All Together Now: Strategies for Combining Data from Multiple Sources
Scheduled Time: Sunday, October 20th, 8:00 am - 12:00 pm
Intended Audience: Beginning/Intermediate programmer; moderate pace
Instructors: Christianna Williams
Abstract: Problem 1: you have data and "metadata" that need
to be combined to produce a user-friendly report.
Problem 2: you have data in several
different data sources each at different levels of aggregation (such as person-level,
site-level, and event-level) and you need to combine it into a single data set for
analysis or generating a report.
Problem 3: You need to join data from two sources based
on a range of values rather than an exact match. What is the best SAS strategy to solve
each of these problems? When should you use a MERGE (or UPDATE)? When should you use an
INNER, OUTER, or LEFT join? When should you use DATA Step SET or SQL UNION or PROC APPEND?
Or when would thoughtful use of SAS Formats allow you to combine the data in an efficient
way? This workshop will begin by presenting basic methods for combining data sets
(both concatenation and joins) to set the stage for a series of examples addressing each
of these problems and more. We will discuss strategies and solutions for each in order
to help you choose the best approach for the data combination challenges you face, and
emphasis will be placed on making a plan for your target data set before you start to
code. We will use DATA Step, PROC SQL, PROC FORMAT and other strategies to get our data
act together! I encourage you to bring examples of the types of data combination problems
you have struggled with.
Instructor Bio:
Christianna Williams, PhD has been a Senior Associate at Abt Associates Inc. since 2008. Although Abt is based in
Cambridge, MA, Christianna primarily telecommutes from her home in Chapel Hill, North Carolina. An epidemiologist
by training and disposition, she has worked in a variety of subject areas from the association of birth trauma with
left-handedness to the quality of end-of-life care in nursing homes. Arguably, she spent way too much time in school
and holds degrees from Duke University, Yale University and the University of California at Berkeley. Christianna
started using SAS as a graduate student in population biology in 1985 and is still learning! She has been a frequent
presenter at local and regional user group conferences as well as SAS Global Forum, and has been sharing her geeky
love for SAS programming through teaching for more 20 years. She also devotes as much time as possible to her other
passions: running, vegetarian cooking and reading novels.
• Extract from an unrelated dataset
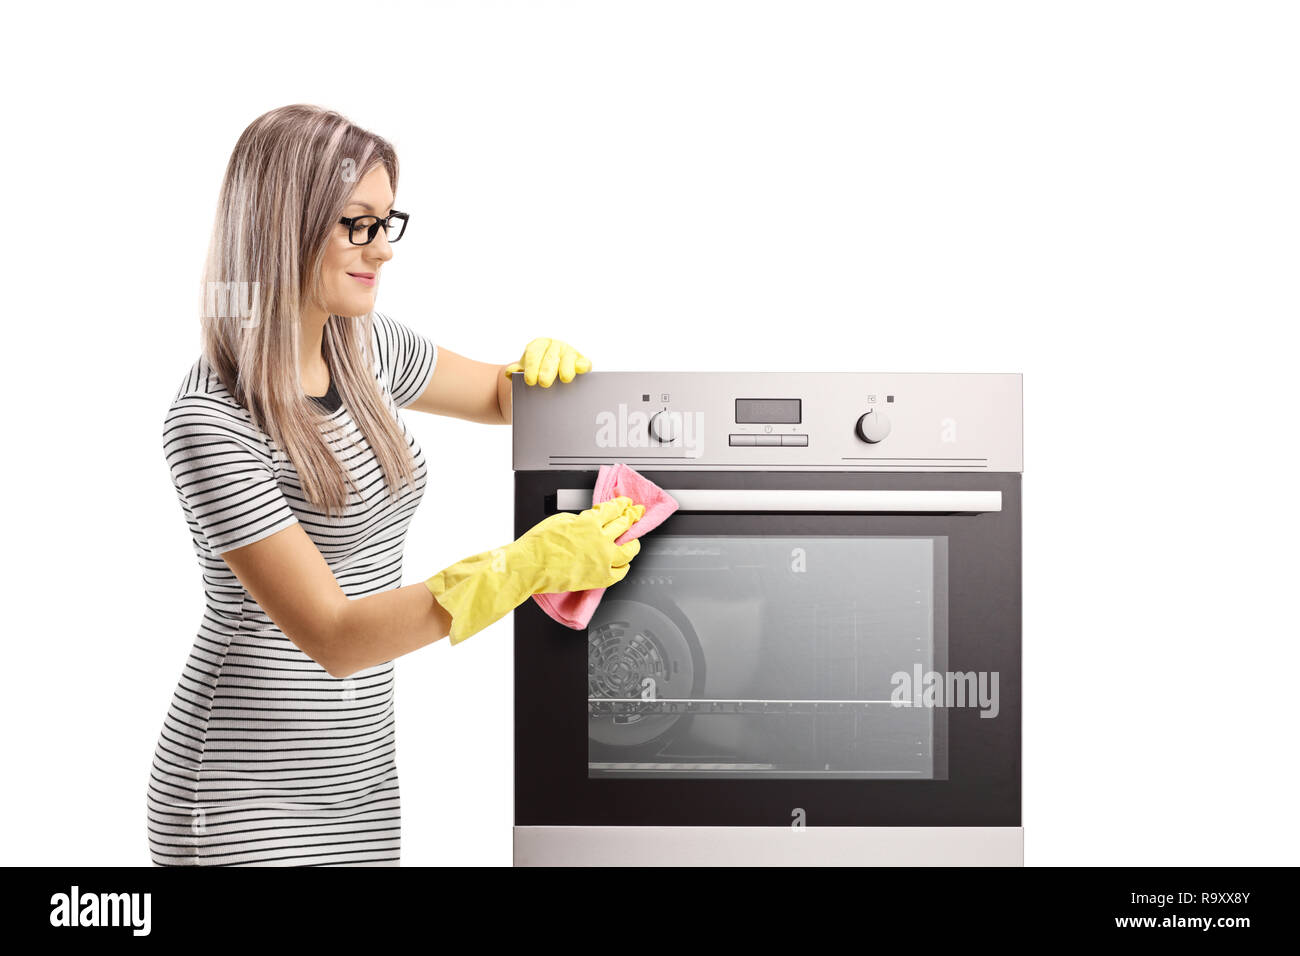 5,178 Microwave Oven Cleaning Images, Stock Photos, 3D objects, & Vectors

Advanced PROC SQL Concepts and Programming Techniques Using SAS®
Scheduled Time: Sunday, October 20th, 8:00 am - 12:00 pm
Intended Audience: Intermediate and Advanced SAS users. This is an Instructor-led Workshop with many examples.
Instructor: Kirk Paul Lafler
Abstract:
Structured Query Language (SQL) is a universal language used in data science, data analytics, statistics,
data management, and other disciplines to access, transform, manipulate and output data stored in SAS data sets,
relational databases and tables. Based on Kirk's new Third Edition PROC SQL: Beyond the Basics Using SAS®,
this half-day course presents core concepts and programming techniques to help leverage PROC SQL as a programming
and database language.
Attendees learn how to construct powerful and scalable queries; construct real-world queries including nearest
neighbor and first, last and between By-group processing; apply rule-based and cost-based optimization strategies -
influencing the SQL optimizer to choose from the available join algorithms; apply effective "fuzzy" matching
programming techniques when a table's key(s) is (are) inconsistent or less than reliable; use the SQL-macro
interface to create single-value (or aggregate) and value-list macro variables; construct effective simple and
composite indexes to dynamically access a table's data; construct table validation rules using table integrity
constraints; and explore "select" query performance tuning techniques for big data environments.
Instructor Bio:
Kirk Paul Lafler is an entrepreneur and founder at Software Intelligence Corporation, and has used SAS
software since 1979 as a consultant, application developer, programmer, SAS solutions provider, data analyst,
data manager, infrastructure specialist, performance tuner, educator and author. As a SAS Certified professional,
mentor, and educator at Software Intelligence Corporation, and an advisor and adjunct professor at the University of
California San Diego Extension, Kirk has taught SAS courses, seminars, workshops, and webinars to thousands of users
around the world.
Kirk is also the author of several books including PROC SQL: Beyond the Basics Using SAS, Third Edition
(SAS Press. 2019) along with hundreds of papers and articles on a variety of SAS topics; has been selected as an
Invited speaker, educator, keynote and section leader at SAS conferences and meetings worldwide; and is the
recipient of 25 "Best" contributed paper, hands-on workshop (HOW), and poster awards.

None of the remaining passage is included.